I am lonely. I am lonely. I am lonely.

Moaning Myrtle
3 min readJul 23, 2022

Last night I met Michael at the Shrine. He carried me across his lap for a while. It felt nice until I realised that his body was teeming with perspiration and I couldn't breathe. I told him I was leaving, that was it.

I also dreamt that I visited Kiki at her house. This is funny because Kiki doesn't have a personal space at the moment. The werey even had an inverter lol. Still, it is fun to dream.

I know enough about the Freudian interpretation of dreams to understand that my dreams were borne out of the groanings of my unconscious mind: I am lonely.

I am lonely. I am lonely. I am lonely.

Maybe if I keep saying it I would feel better. Of course, I won’t. But it is better than all the months I have spent living in pretence. I keep telling myself that I’ve got this. I have repeated Goodluck Jonathan’s mantra over and over again. This too shall pass, this too shall pass, this too shall pass.

Like Solange rightly said, “I’ve tried to work it away.” I have two jobs and that hasn't fixed anything. I've also tried to wank it away, but that only made me sadder. If I keep mentioning all the things I have done to dispel loneliness, I may just have to include a link to ‘Cranes in the Sky’.

It’s easier to talk about how I feel in my mind than to write it out. So far, I hate what I have written because it feels like a lame and watered-down version of how I truly feel.

My family members will find my talks about loneliness bizarre and even insulting. “Are we not more than enough for you?” is what I am going to hear. Sometimes I see my family as one big blob. We tend to move about together and sometimes it is hilarious; a group of seven people waddling in one direction.

I blame my parents sometimes for my inability to easily make friends. When I was younger, I tried to sit with people my age at church services in the hopes that I would at least make a friend or two, seeing that they all moved together. But they would force us to sit together; a herald of unity and togetherness. Even I wouldn’t make friends with such an awkward individual.

I love my family members. Although they are good company, they are not my friends. So yes, maybe their presence provides a respite from the ugly feelings that encapsulate me; this is not enough.

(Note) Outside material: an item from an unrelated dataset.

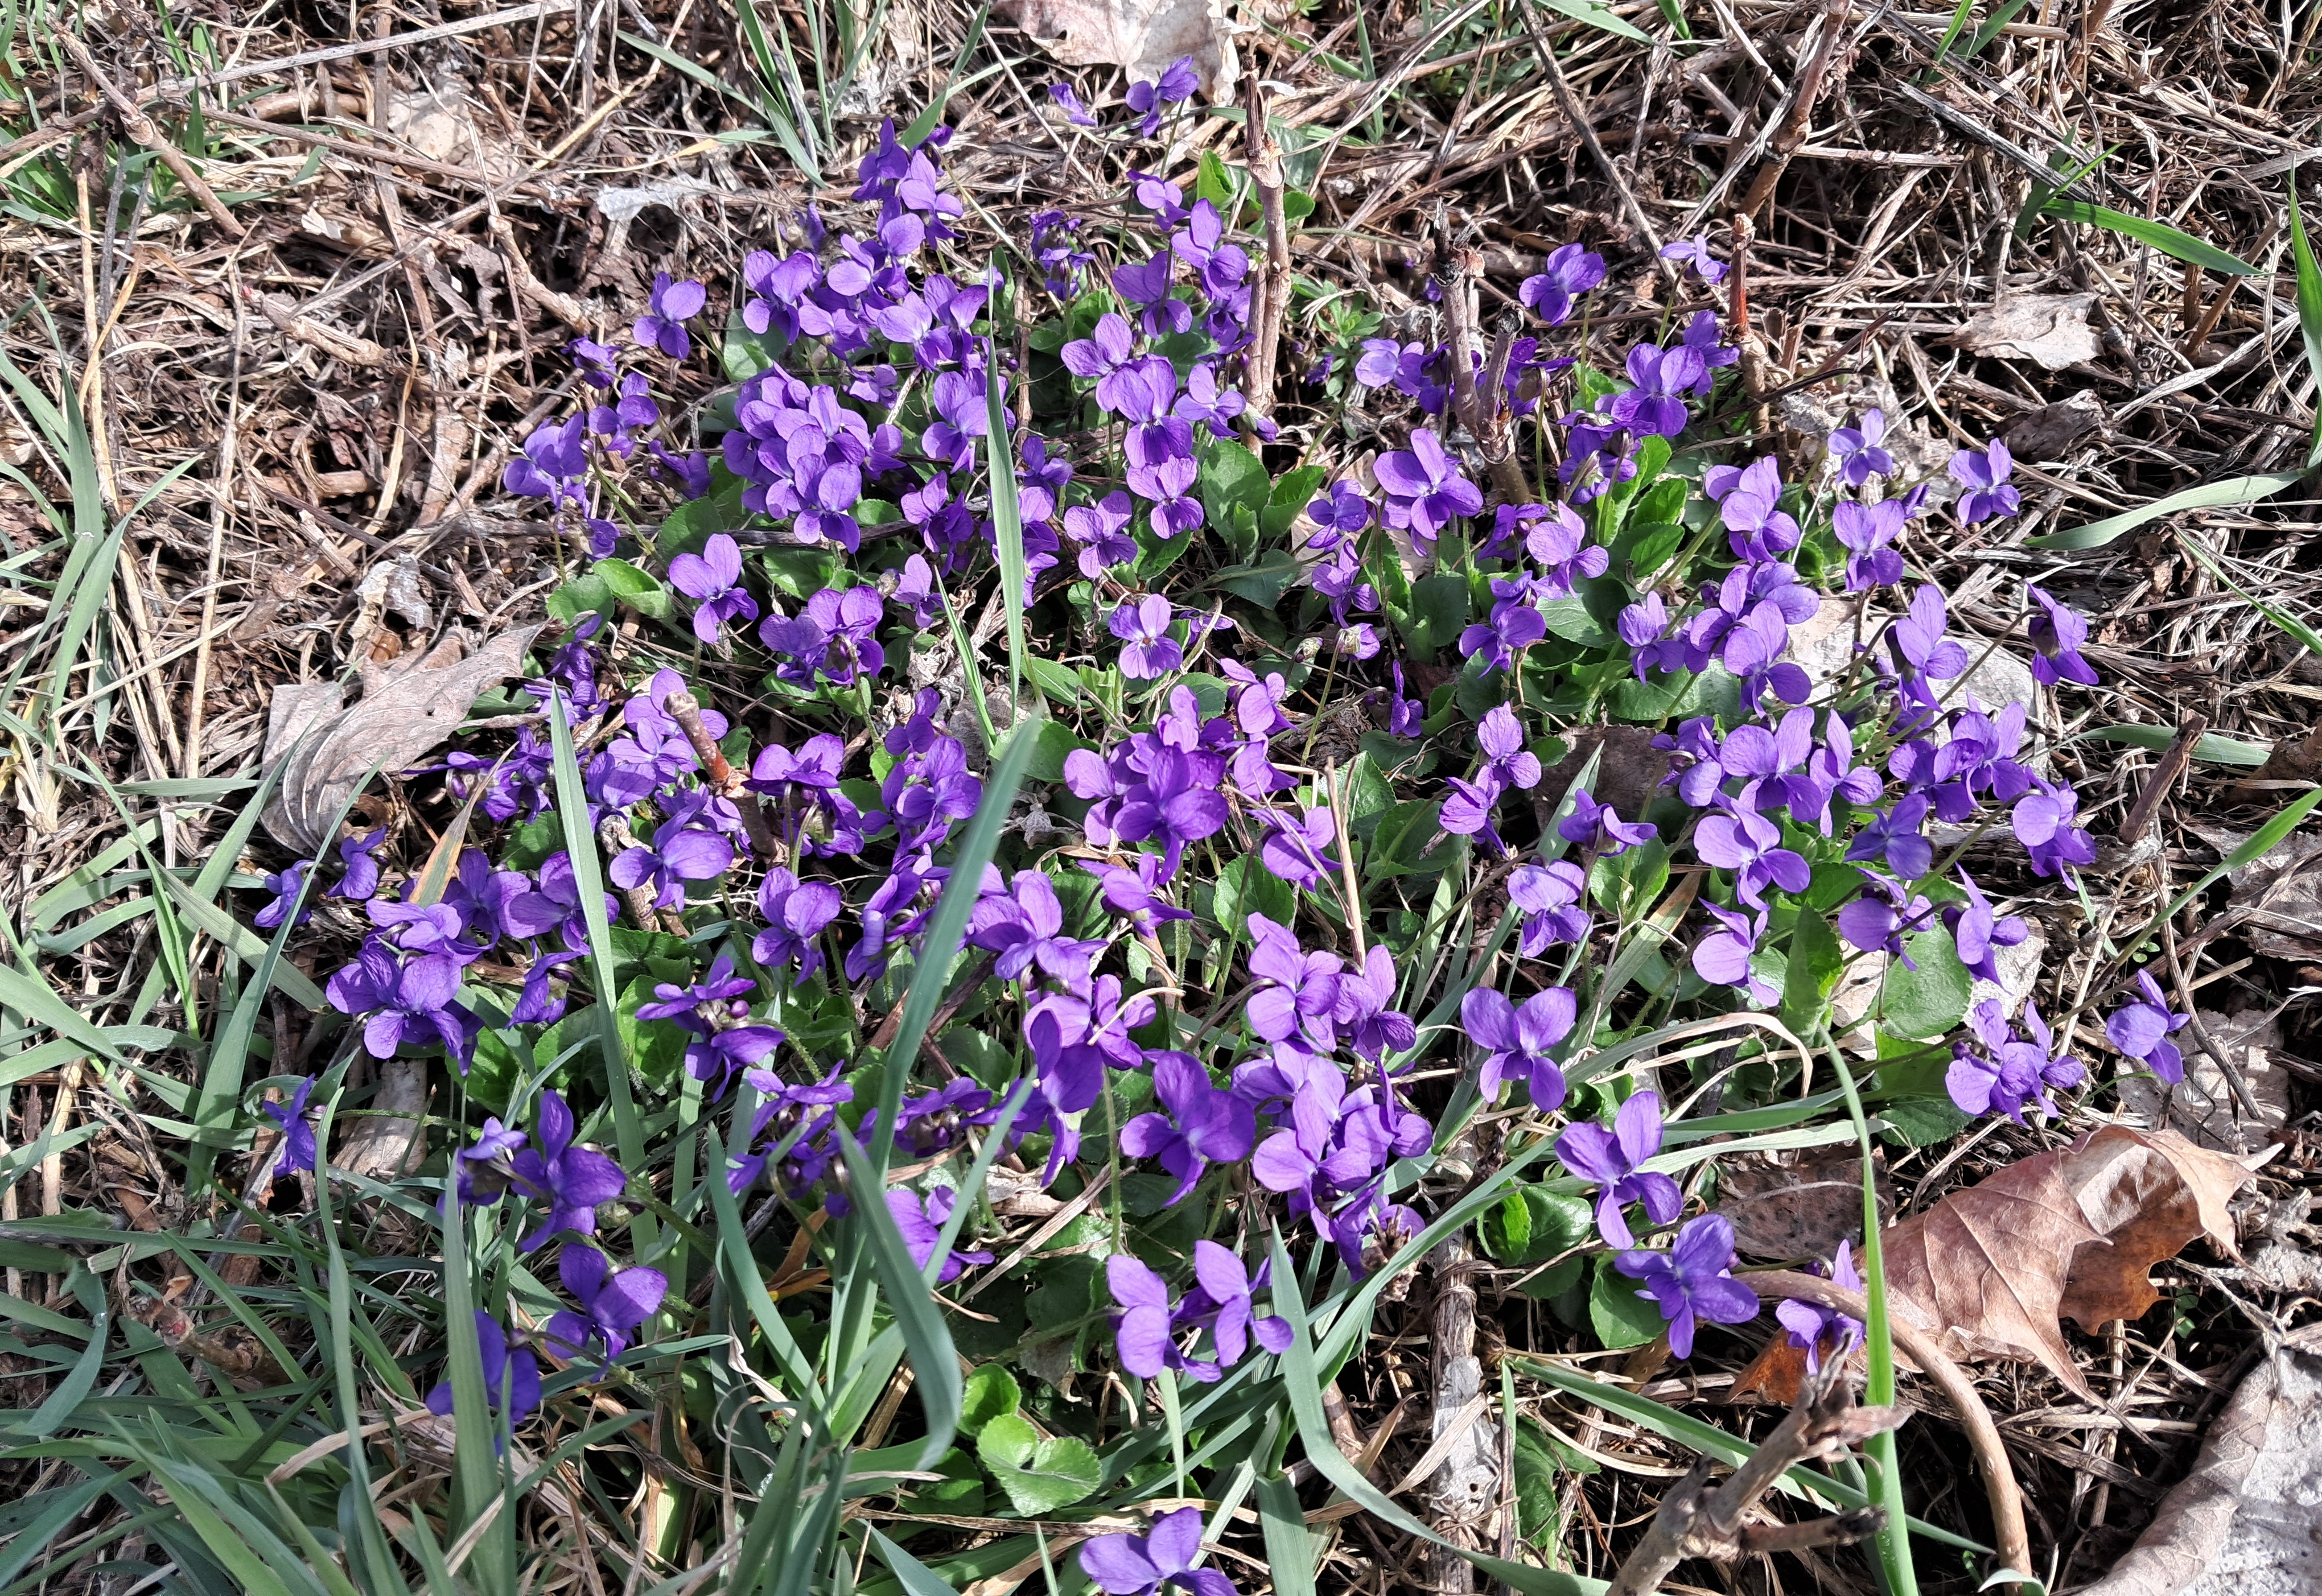 Violet viola flowers, ammonia and acetic acid
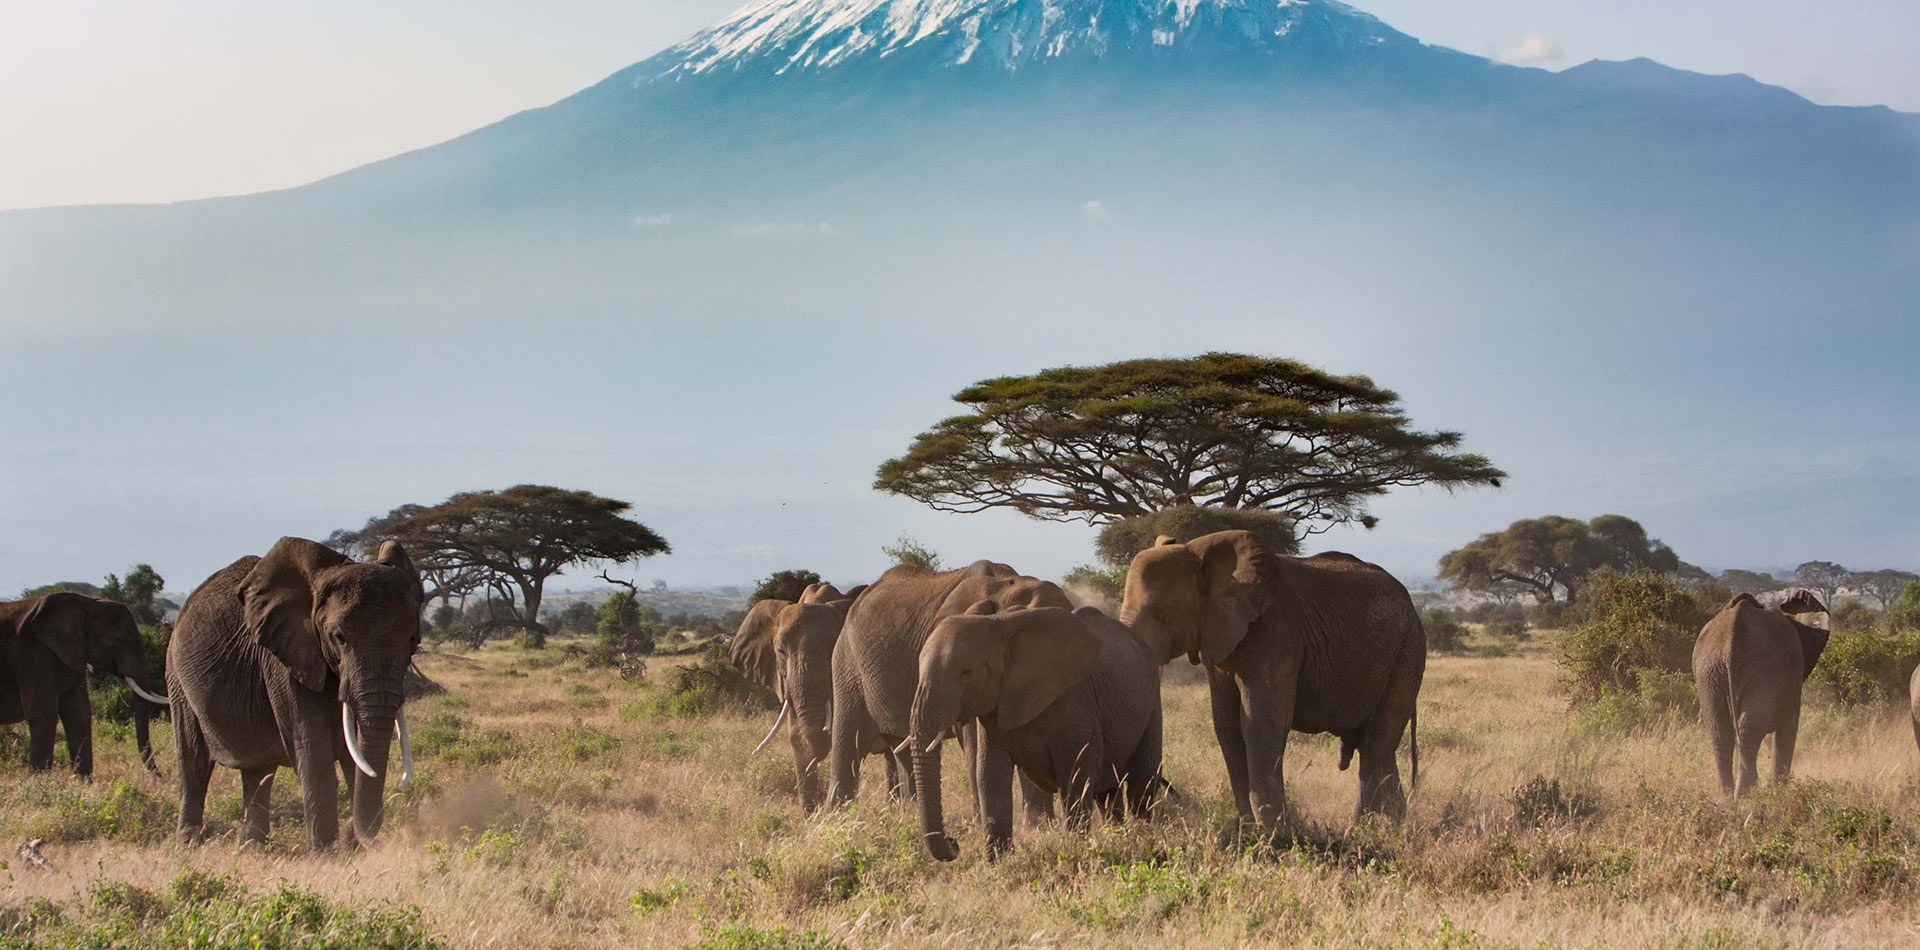 Elephants at Amboseli National Park.

Camila Cabello said, “I’m just looking for some real friends.” I think about this song critically right now and I realise that she may be addressing two concepts — fake friends and/or loneliness.

I don’t think I have fake friends. Rather, I need friends my age who live in the same city as I do.

I often quiet down my insane longing by reminding myself that I do not have the finances or freedom to handle friendships. Do I need another friendship where my story and my song is “I have no money”?

I miss all my friends but I miss Michael the most.

In February, as my departure from Lagos drew nigh, I started writing letters to Michael. I also started crying at night.

I’ve been gone for over 4 months and we have tried to make transitioning easy on both ends. We talk every day, we send each other funny tweets, we play iMessage games, and we have a shared playlist. This isn’t still enough for me. I have grown sadder with time. It is like the more coping mechanisms we adopt, the lonelier I get.

I am concerned about his welfare; a lot of sadness and despair can be shrouded under LMFAOOOOOO.

I’m just sad man and that shit hurts. I’d rather have pepper in my eyes than this(at least I can gauge when the fiery pain ends). I don’t know how to write it again. I miss him so much. Sometimes it makes me want to cry and heaven knows I hate tears. I am terribly sad.

Maybe this is just a phase. Maybe this too shall pass away, or not. Either way, I look forward to a peaceful divorce from this feeling.